Diagnosis rates have gone from 1 in 150 children in 2000 to 1 in 31 children in 2022, according to the CDC.

Some autism researchers, however, have criticized the supposed “epidemic” in autism by suggesting that the new broad criteria has contributed to overdiagnosis.

In 2014, new federal rules required Medicaid to cover autism care. Since then, Medicaid spending on Applied Behavior Analysis (ABA) therapy — the primary treatment protocol for children with autism — has skyrocketed 298% nationwide from seven million hours of therapy administered to 25 million a year in 2024, according to a report from healthcare analytics company Trilliant Health.

As our graph charts, In Indiana, ABA spending rose from $21 million in 2017 to $611 million in 2023 and is projected to reach $825 million by 2029.

North Carolina ABA spending grew from $122 million in 2022 to $329 million by 2024. It is projected to reach an eye-popping $639 million this year.

ABA spending in Nebraska surged from $4.6 million in 2020 to over $83 million in 2024. One provider, Above and Beyond ABA, billed for $29 million alone, according to a state report (it is not suggested they were part of the overbilling).

Colorado ABA payments were $60 million in 2019 and, and $164 million by 2023.
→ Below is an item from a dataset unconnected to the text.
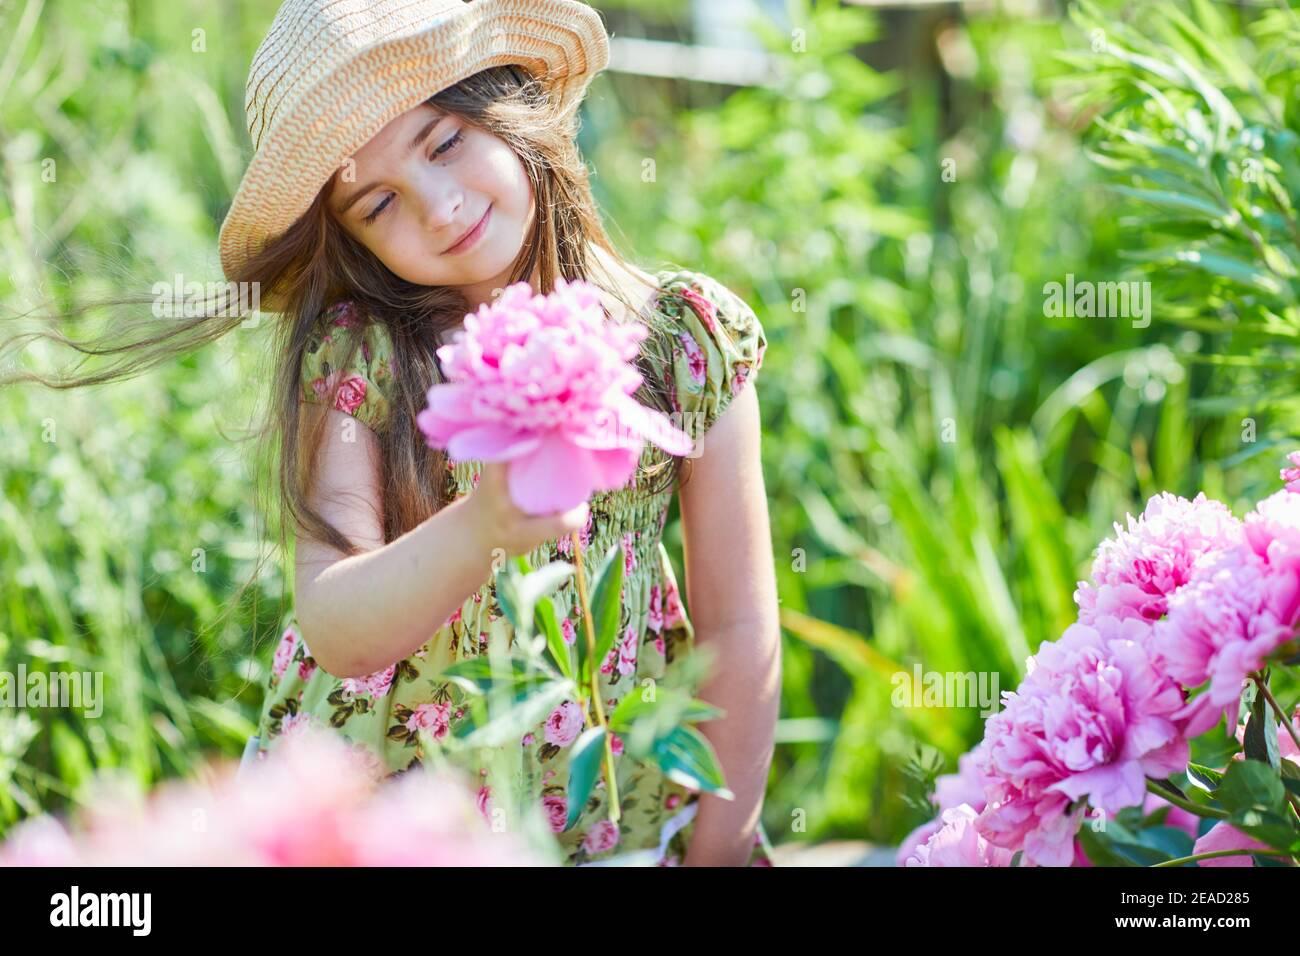 Hermosa niña está sosteniendo una peonía rosa en un día soleado en el jardín. Bonita chica lleva un vestido de verano con patrón de moda y sombrero de paja Foto de stock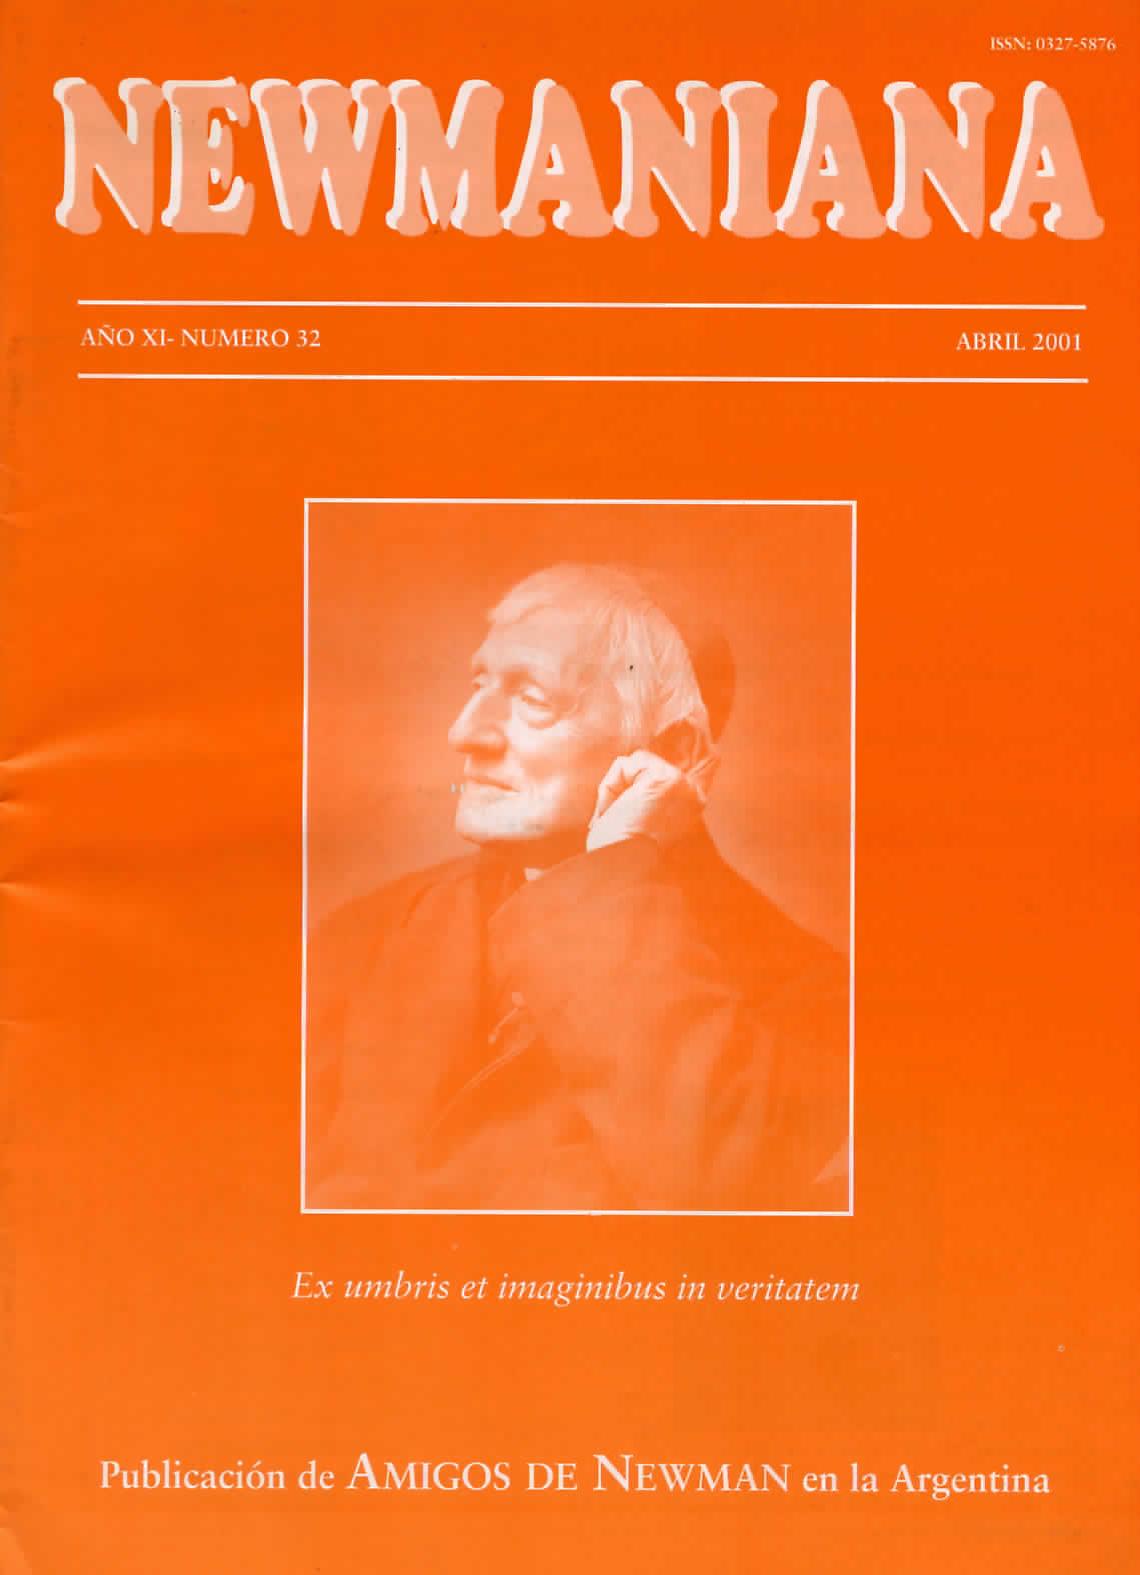 Revista Newmaniana N° 32 – Abril 2001

However, none has been more eyepopping than Minnesota which received just over $1 million in Medicaid reimbursements for autism care in 2017, but by 2024 that number had skyrocketed to $343 million, according to the Minnesota Department of Human Resources.

As part of numerous federal prosecutions centered around the Somali community in Minneapolis, in September Asha Farhan Hassan and Abdinajib Hassan Yussuf both pleaded guilty to an autism fraud scheme in Minnesota. Hassan owned Smart Therapy Center and was found to have hired unqualified staff, paid kickbacks of $300–$1,500 per month to parents to recruit children — some not diagnosed with autism — billed for services not provided or inflated hours, and submitted false documentation between 2019 and 2024, according to the Department of Justice.

With all the money sloshing around, private equity has taken note of the seemingly recession-proof profitability potential of Medicaid-funded autism centers.

In the last decade, private equity firms have acquired over 500 autism centers in the US, according to a January 2026 Brown University study.

Among them, Michigan-based Centria Healthcare LLC, a business which has distributed over half a billion in Medicaid reimbursements. It was acquired by private equity firm Thomas H. Lee Partners in 2019.

Indiana-based Hopebridge LLC, backed by PE firm Arsenal Capital Partners, has also taken in at least $140 million, according to the data.

“The increases you’re seeing in some states are astronomical,” Daniel Arnold, a health policy researcher at Brown University, told The Post.

“When private equity comes in, usually the price [of care] increases, the intensity of services increase as well. In the ABA space this would mean more hours at a higher price.”

“It’s not obvious to me that, say, 40 hours a week of ABA is better than 20. It gets to a point where you are crowding out other services kids are doing —like speech therapy, occupational therapy or play activities,” he added.

For those who are proven to have inflated bills, there are consequences.

Two executives at South Carolina Early Autism Project, Angela Breitweiser Keith and Ann Davis Eldridge, were sentenced to a year in prison in 2019 and paid $8.8 million in a settlement for using autism services to defraud Medicaid.

The Department of Justice said the execs had instructed employees to bill for time waiting in driveways and sitting in restaurants; pressured employees to submit exaggerated session timesheets; forged patient signatures and incentivized fraud by establishing high billing goals with rewards like gift cards and company-paid vacations for those who met quotas. 

During last week’s State of the Union address, President Trump announced he was appointing Vice President JD Vance to lead a “war on fraud” task force.

“The gold standard solution would be to have some sort of set funding because right now Medicaid is an open-ended reimbursement,” said Medrano. “Have the state internalize the cost of Medicaid so they’re incentivized to save money.”